What is needed here is an exact repetition of the records below, beginning at the line that has "Norkonia Reddot +++" and stopping after the line that has "Maharani's Pure Handloom".

SUPPLIED DATA>
○ ○ ○ ○ ○
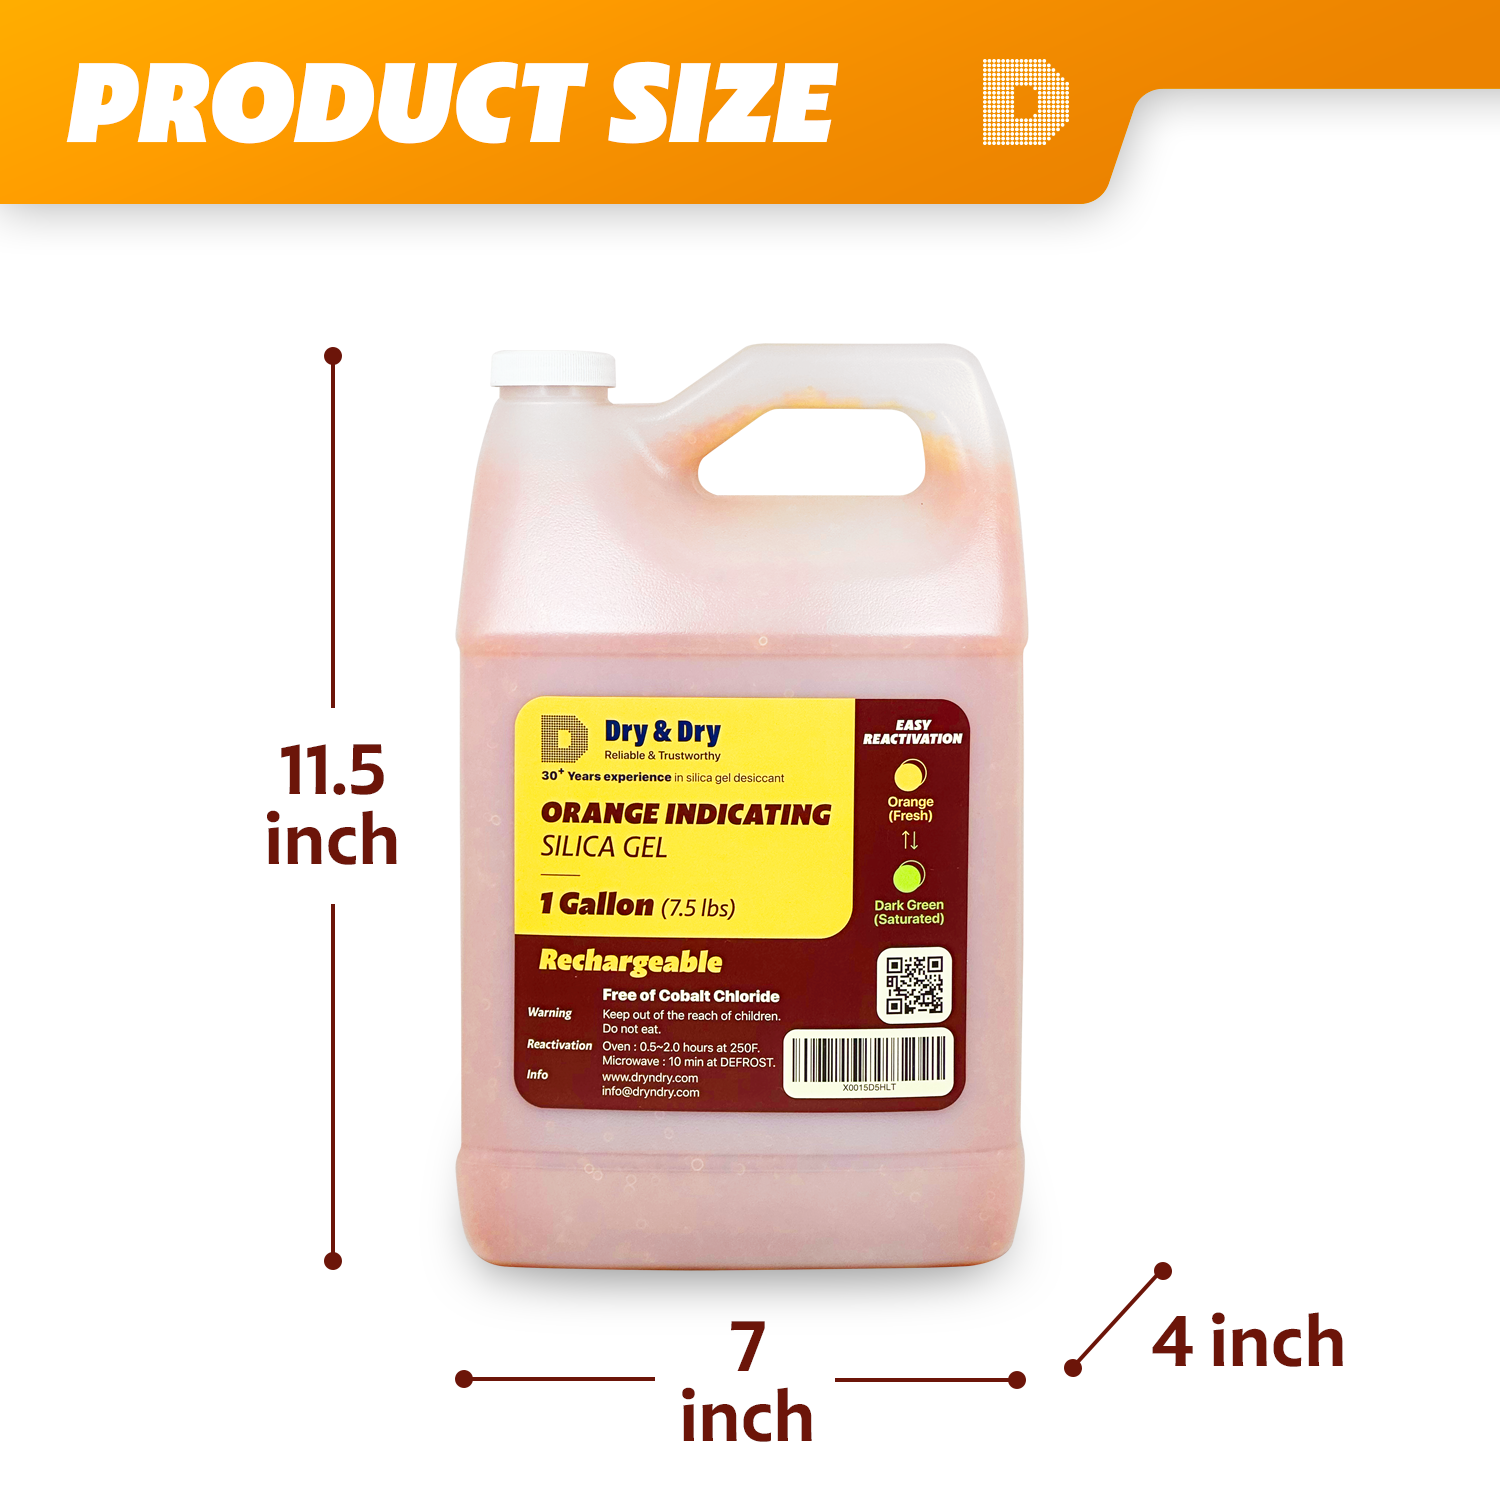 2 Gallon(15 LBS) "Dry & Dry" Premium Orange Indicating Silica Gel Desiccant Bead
○ ○ ○ ○ ○
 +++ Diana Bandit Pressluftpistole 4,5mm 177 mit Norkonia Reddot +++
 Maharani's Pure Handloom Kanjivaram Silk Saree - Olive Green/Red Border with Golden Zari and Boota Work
○ ○ ○ ○ ○
EXERCISE ANSWER>
 +++ Diana Bandit Pressluftpistole 4,5mm 177 mit Norkonia Reddot +++
 Maharani's Pure Handloom Kanjivaram Silk Saree - Olive Green/Red Border with Golden Zari and Boota Work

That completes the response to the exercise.